## WORK ITEM
Skip every picture, and output exactly the lines starting at the one with "These fabulous dangling" and running through the last line of the material below.

## GIVEN DATA
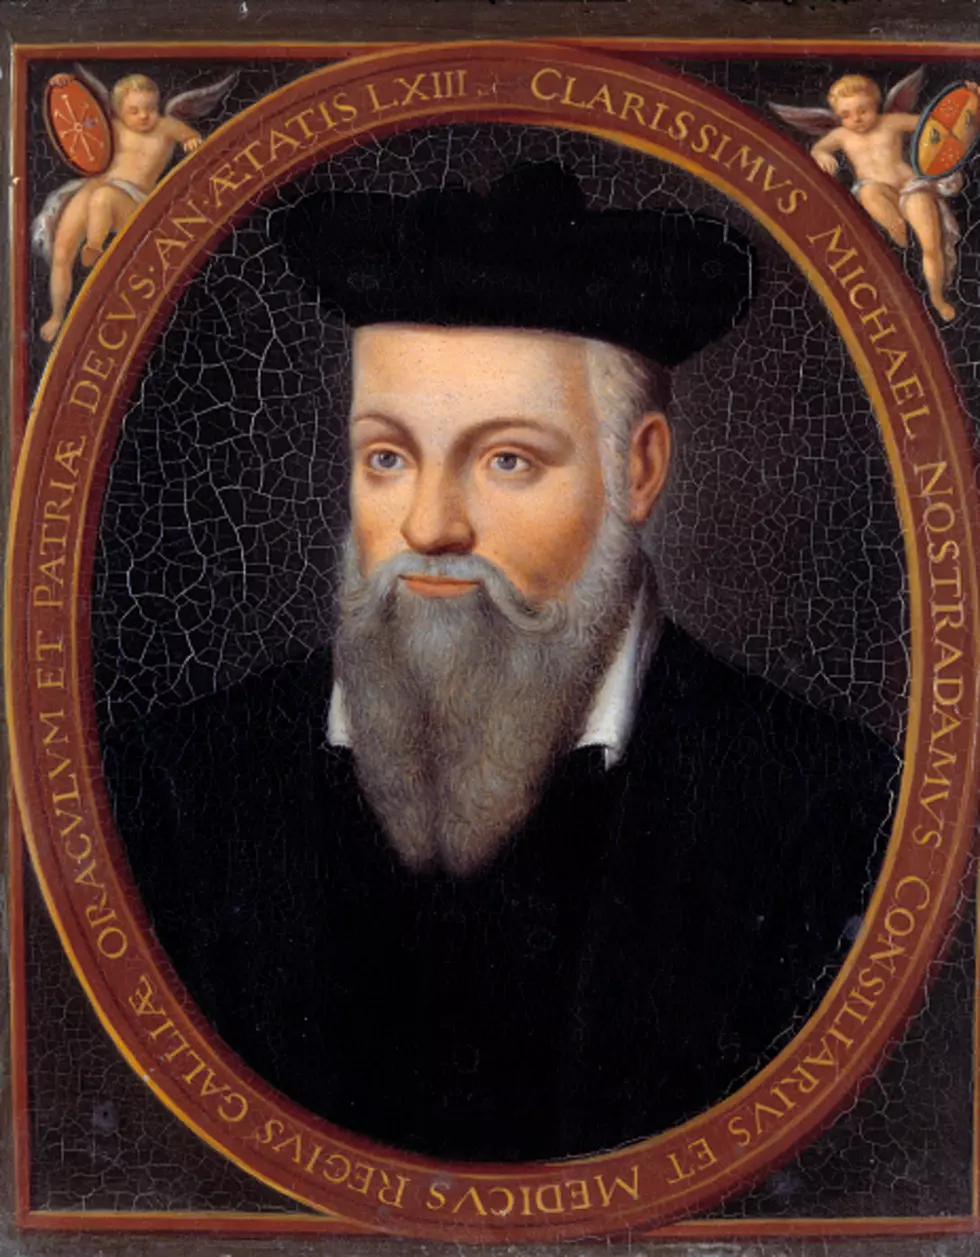 Did Nostradamus Predict the Results of the 2016 Presidential Election?
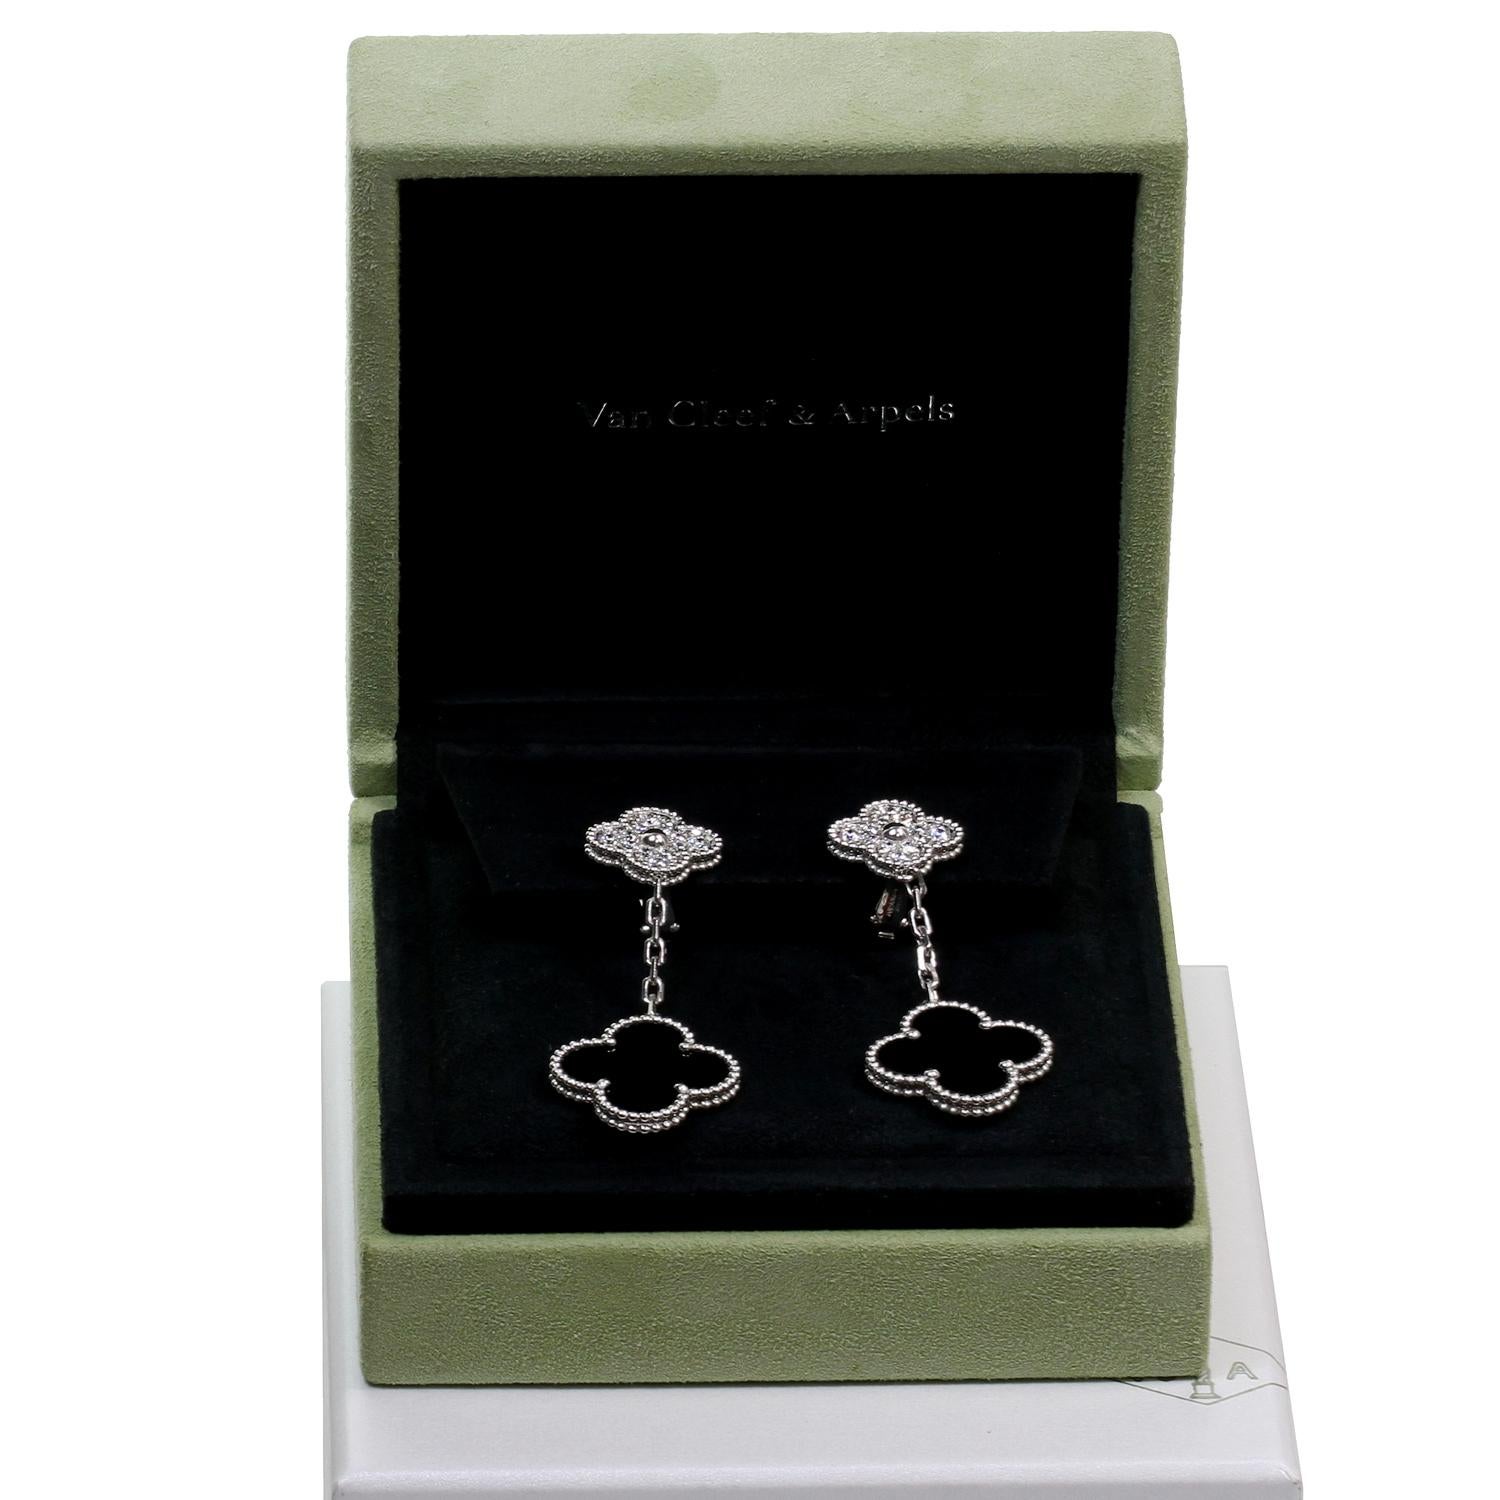 These fabulous dangling Van Cleef & Arpels earrings from the classic Alhambra collection each features 2 lucky clover motifs crafted in 18k white gold and set with black onyx and with round brilliant D-E-F VVS1-VVS2 diamonds weighing an estimated
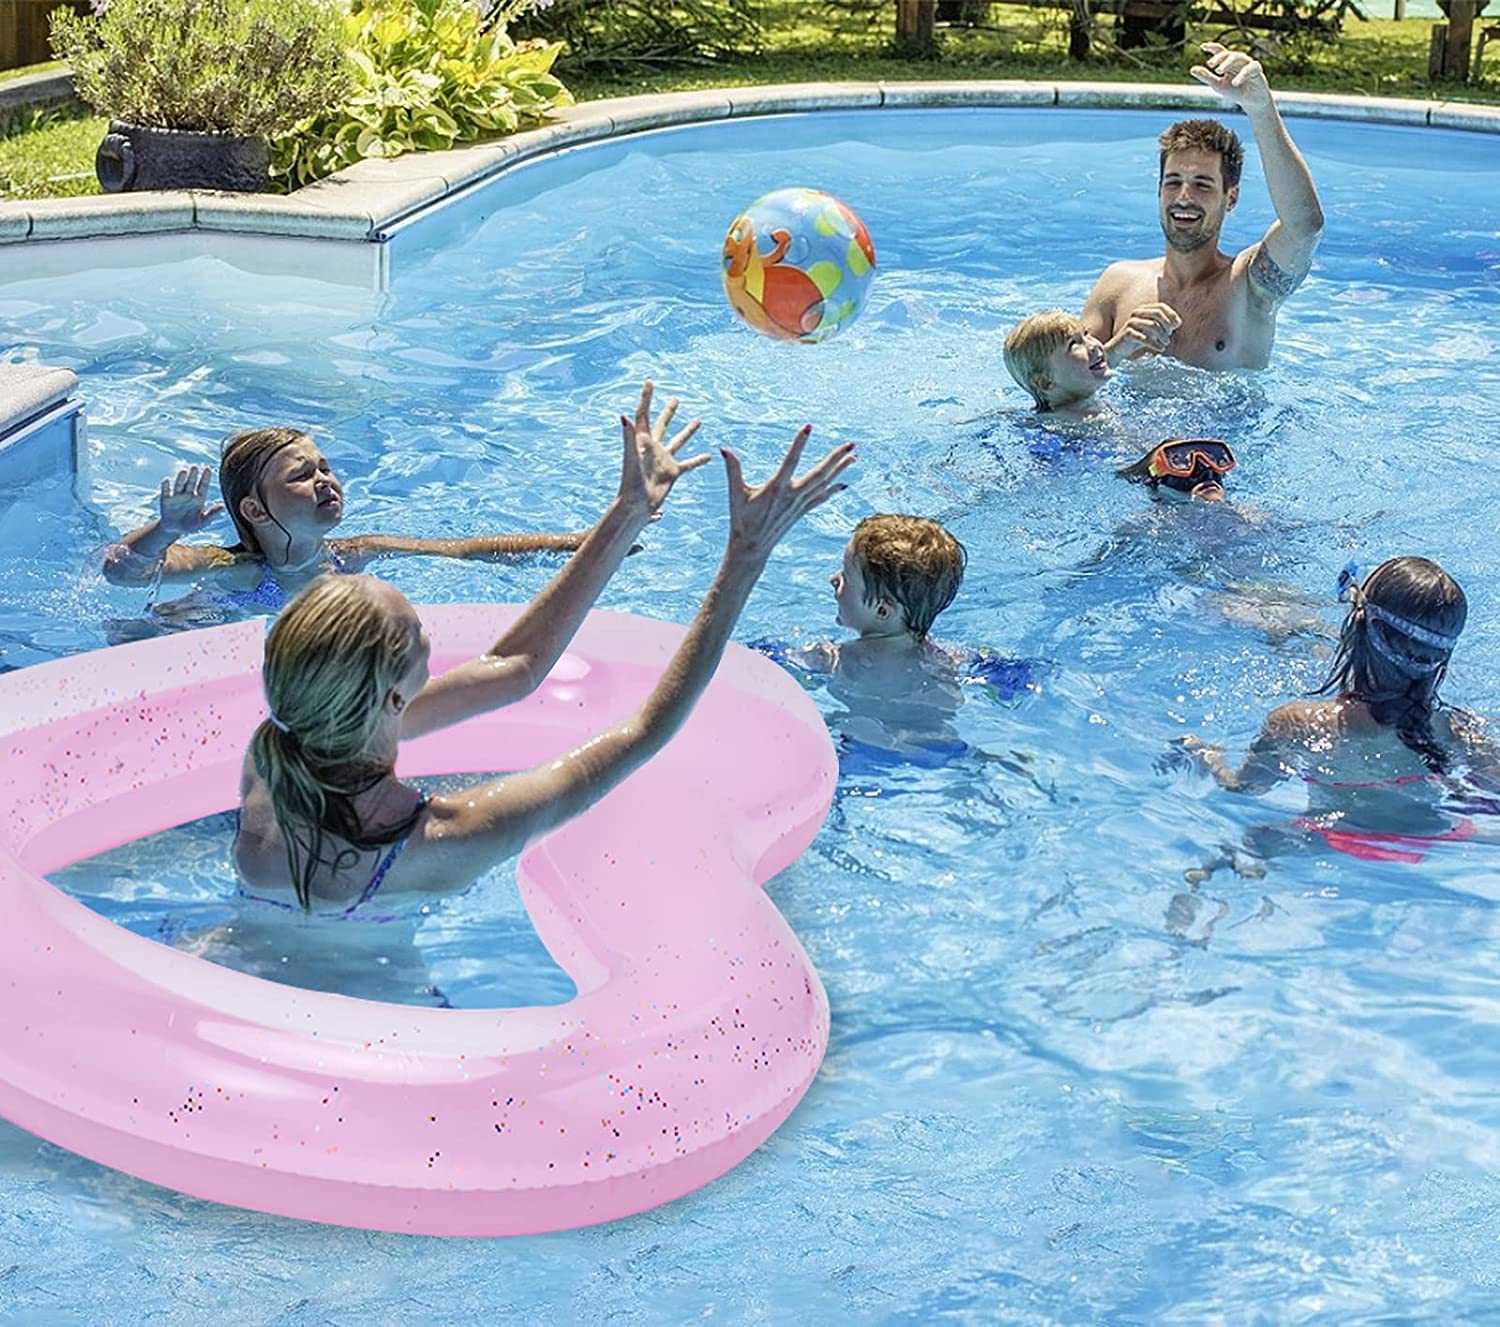 Life Vest Buoy table Swim Rings Heart Shaped Swimming Pool Float Loungers Tube Ring Floatie Water Fun Beach Party Toys for Kids Adults HKD230703

## SOLUTION FOR THIS EXERCISE
 These fabulous dangling Van Cleef & Arpels earrings from the classic Alhambra collection each features 2 lucky clover motifs crafted in 18k white gold and set with black onyx and with round brilliant D-E-F VVS1-VVS2 diamonds weighing an estimated
 Life Vest Buoy table Swim Rings Heart Shaped Swimming Pool Float Loungers Tube Ring Floatie Water Fun Beach Party Toys for Kids Adults HKD230703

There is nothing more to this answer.